Britain's home-grown Molosser was once the guard dog of choice for protecting these valuable gems. What happened?

Diamonds are a girl’s best friend, the saying goes.

And almost a century ago, the diamond miner’s best friend was the Bullmastiff. Not just any diamond miner, mind you, but the biggest name of them all — De Beers, the South African conglomerate that once controlled more than 80 percent of the world’s sparkling stones.


Peerless Protector


The timing of De Beer’s interest in the Bullmastiff, which started in the mid-1930s, likely wasn’t coincidental. When the Bullmastiff was being developed into a bona-fide breed in early-20th-Century England, clever marketing cemented its reputation as a “peerless protector” in the public consciousness. British dog dealer S.E. Moseley was a tireless — some might say shameless — promoter of his Farcroft dogs, calling himself “the originator of the breed, in the accepted type” on his kennel letterhead.

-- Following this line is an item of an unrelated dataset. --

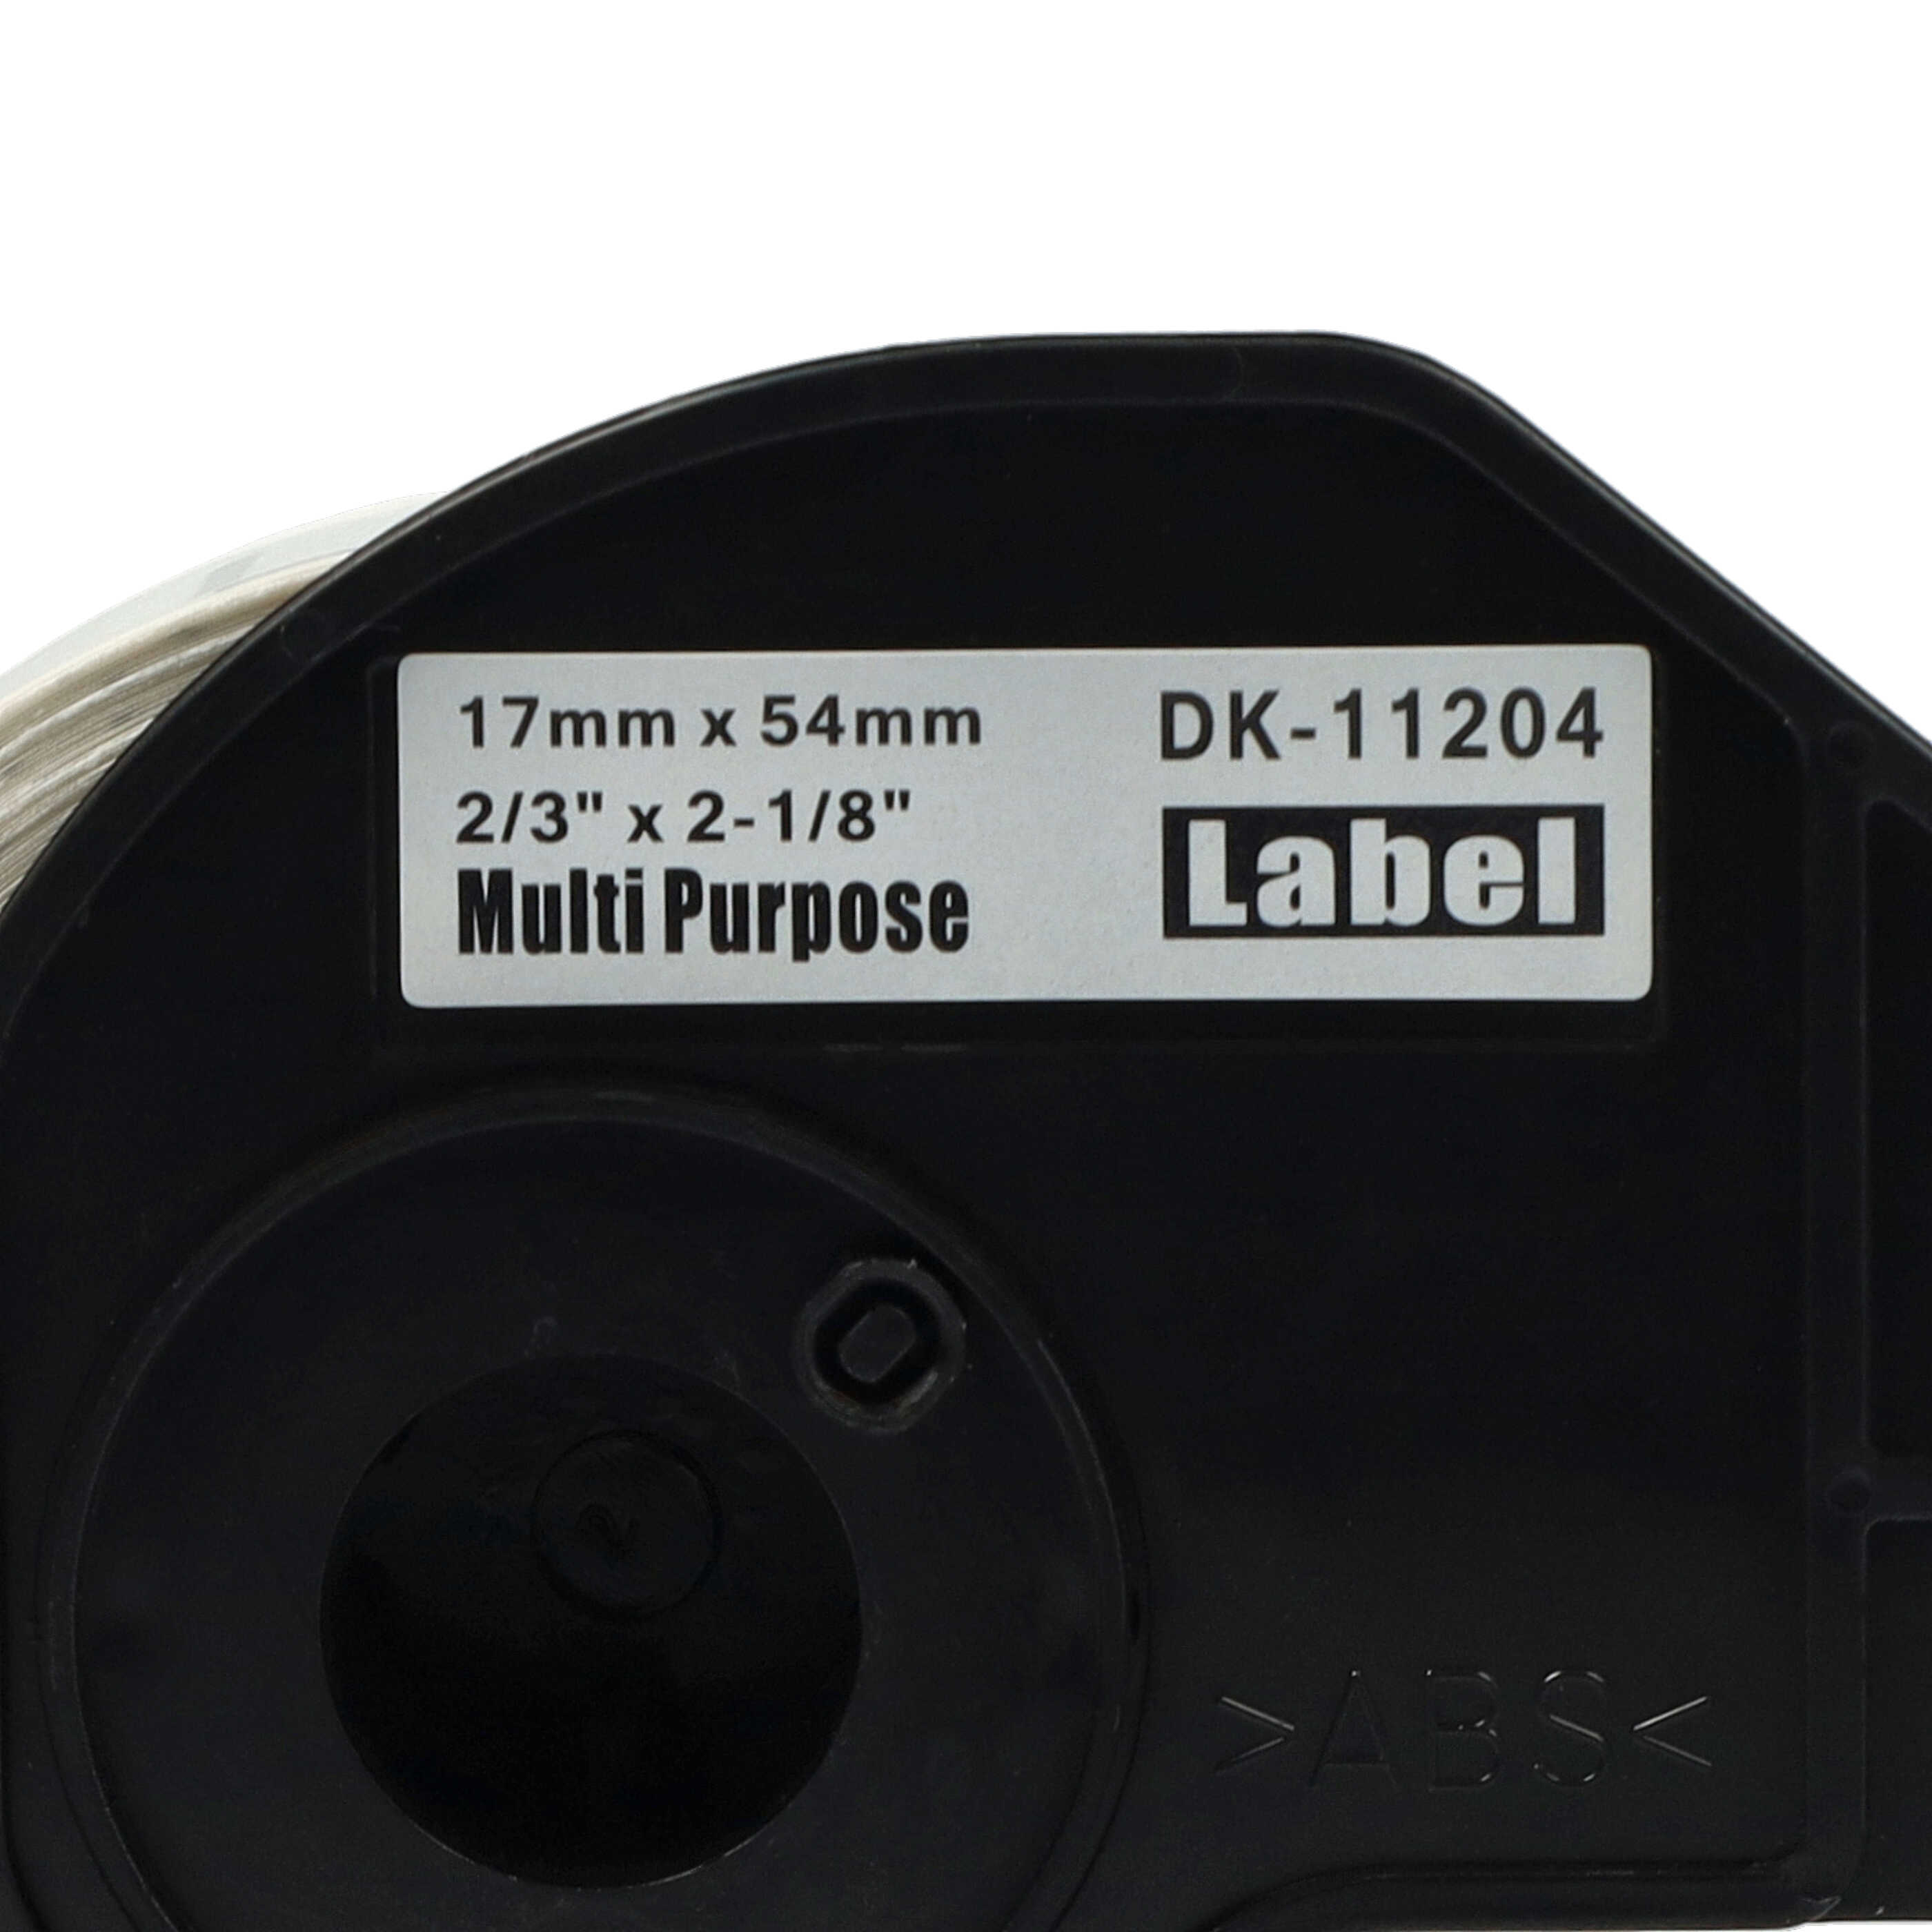 10x Etiketten als Ersatz für Brother DK-11204 für Etikettendrucker - 17mm x 54mm + Halter

Another early British breeder, William Burton, described the Bullmastiff as “invaluable” for the kind of sentry work the mines required.

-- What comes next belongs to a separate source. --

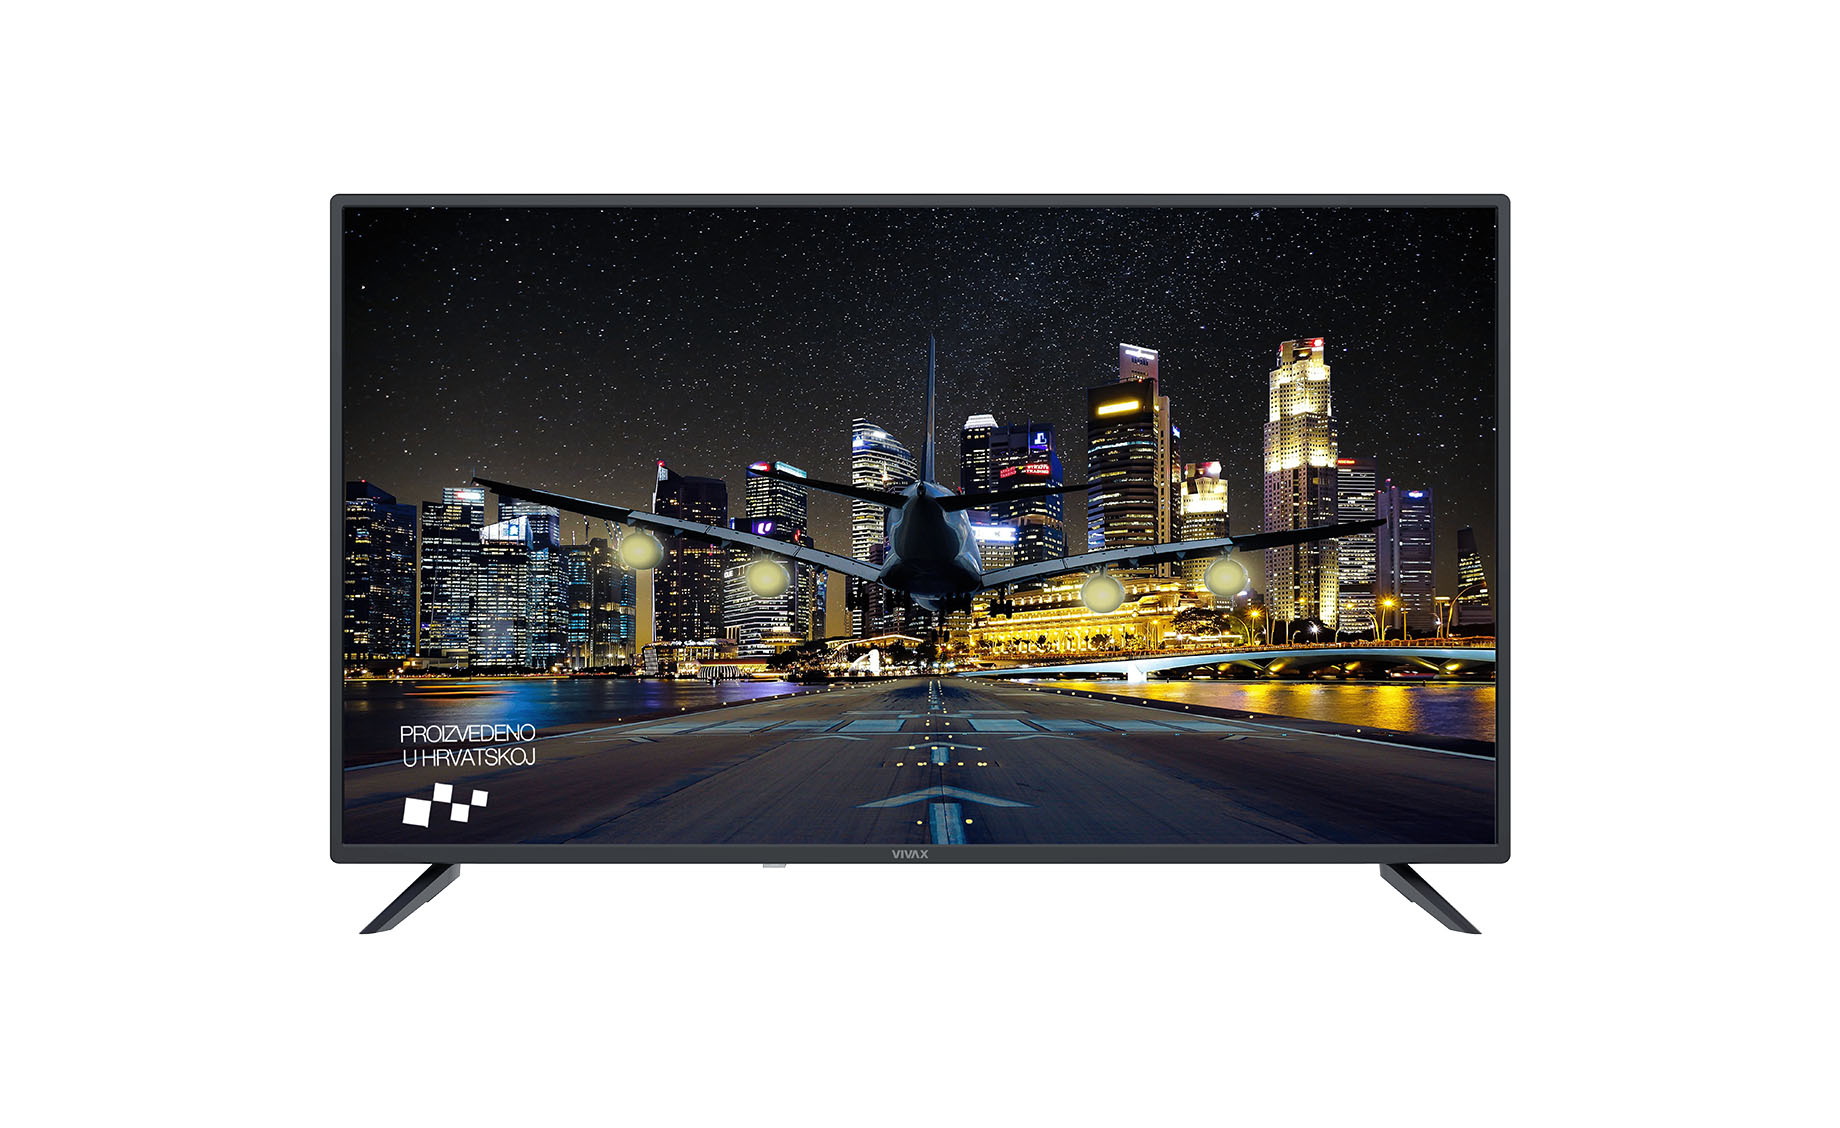 Vivax TV-40LE115T2S2 Full HD LED TV

“The dog will sit silently by the side of the keeper or watchman, and his scent is so remarkable and unfaltering that he knows instantly if a stranger is anywhere in the neighborhood,” Burton said in an interview with Britain's Daily Mail around the turn of the last century. “Then he is game to the backbone, and so confident am I that he will never give in, no matter how great the odds, that I have offered to make a wager on the subject.”

Two of Burton's "trained bull-mastiff night dogs."

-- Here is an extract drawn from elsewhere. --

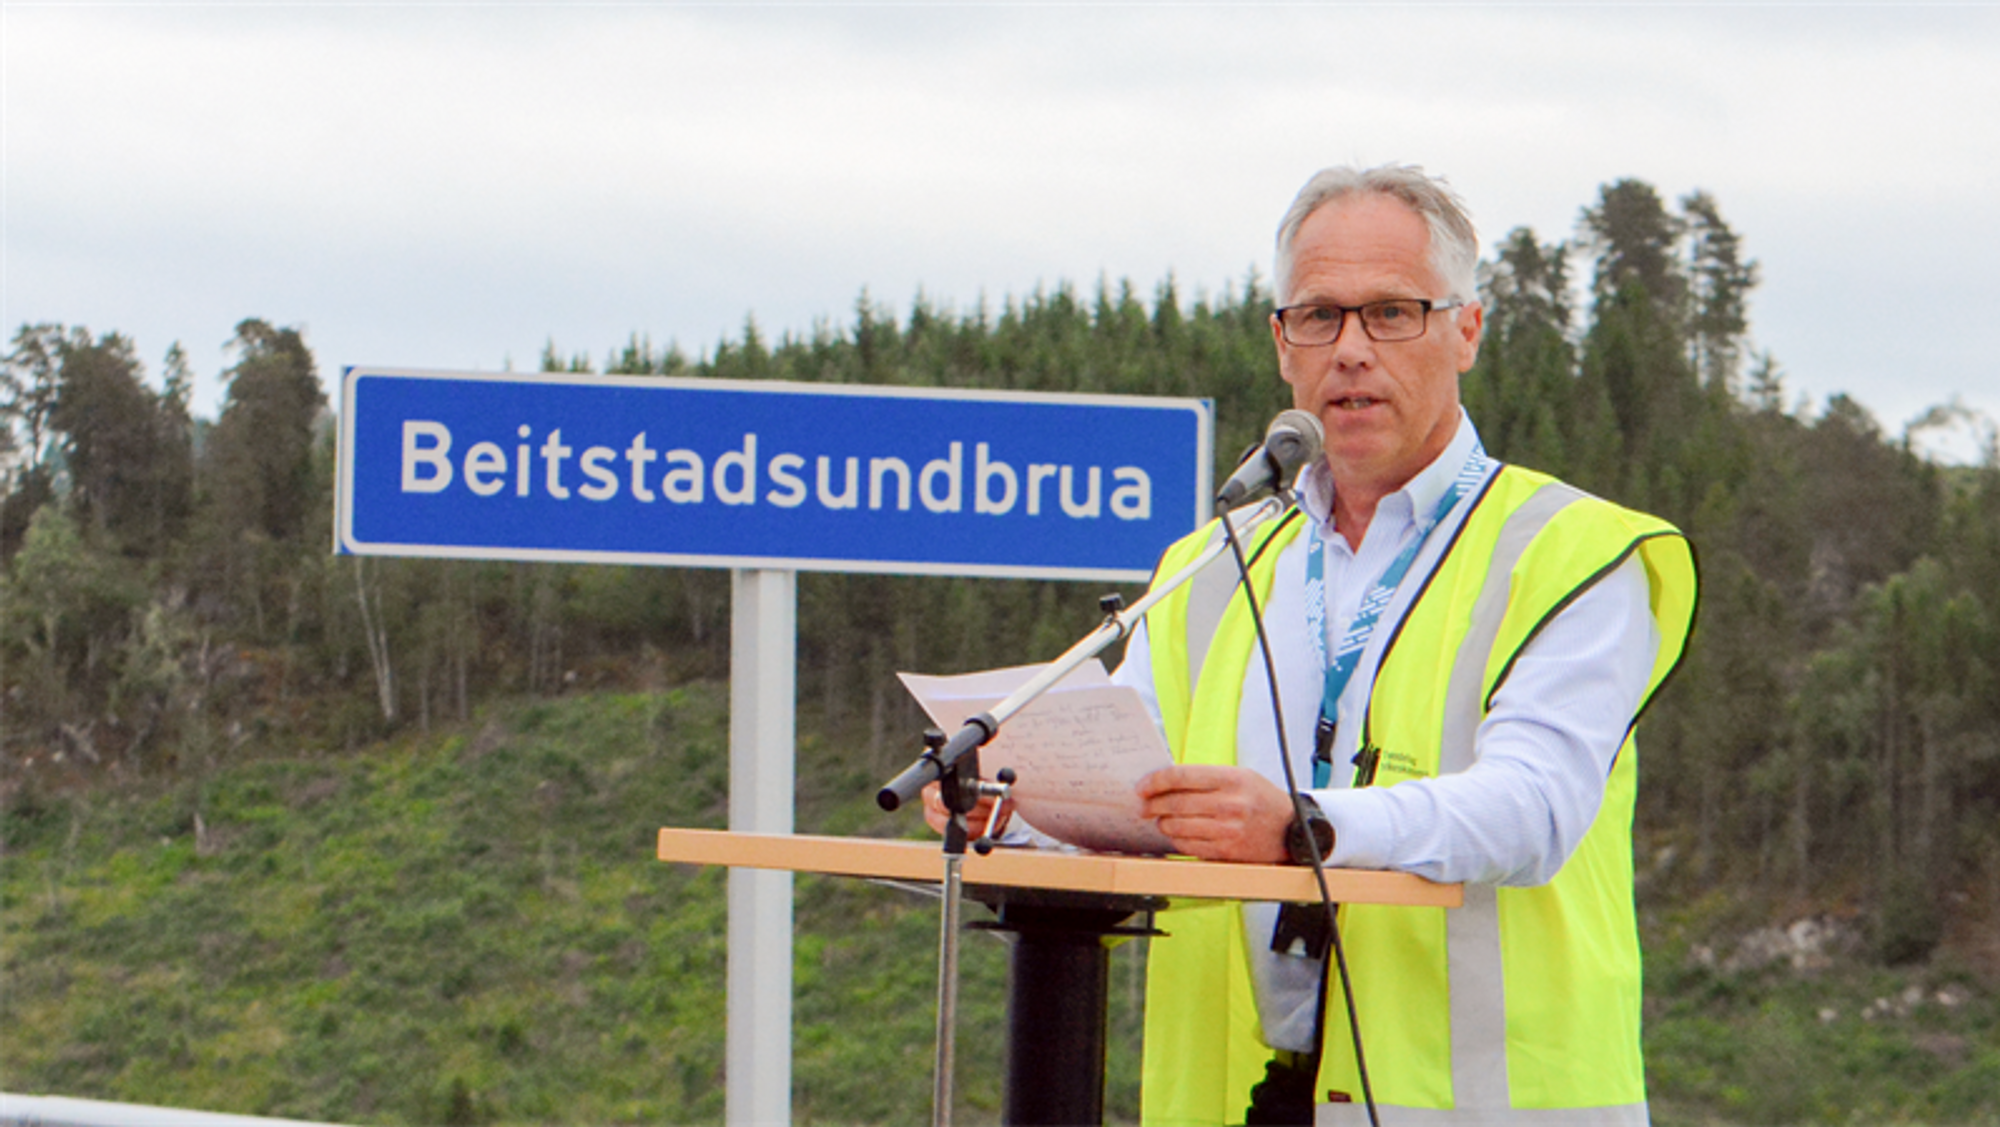 Jo Bernt Brønstad har over 30 års erfaring i ulike vegfaglige stillinger i Statens vegvesen

Burton, of course, was famous for his Thorneywood Terror, who was undefeated in his ability to topple any man in a contest, despite being muzzled. In this interview, however, Burton described a far more gruesome bet, which he said he offered to a major from the government War Office who had come to his kennel to see the dogs.

Any given wagerer, Burton said, could select a man to fight any Thorneywood dog — with bayonet or sword. Of course, no dog could be expected to survive such an encounter, but that was beside the point to Burton. The cost of the bet? The value of the dog.

“If the dog flinched while he was being cut to pieces I am willing to lose him,” Burton said. “But if he proves game right through I take the money to recoup me for the loss of the dog.”

Burton claimed to have satisfied the major with a simple demonstration, and presumably the gruesome bet was not made.

“There is no doubt they would be exceedingly useful for sentry or scouting work in an enemy’s country,” Burton concluded, “for the dogs would be able to detect the approach of an enemy long before he could be seen.”

With this reputation as an intruder’s worst nightmare, it’s no wonder that the emerging modern Bullmastiff breed began to attract the attention of those who had the most to lose — literally. In the 1930s and ’40s, the impossibly wealthy Rockefeller family imported and bred some of the first Bullmastiffs in the United States at their Kykuit estate north of Manhattan.

Perhaps not coincidentally, it was around this same time that the De Beers diamond mines had the same idea, importing some of the best Bullmastiffs England had to offer to patrol its valuable mines.


Rock On


Diamonds were first found in southern Africa in the 1860s, when brothers Nicolaas and Diederick de Beer discovered the precious gems on their farm near Kimberly. Financial pressures soon forced the South African farmers to sell, and all that remains of their involvement is their Dutch surname, which Cecil Rhodes — from whom the country of Rhodesia, now Zimbabwe, derives its name — used in 1888 to found the world-famous diamond company. When Rhodes died in 1901, the company passed into the hands of German-born Ernest Oppenheimer.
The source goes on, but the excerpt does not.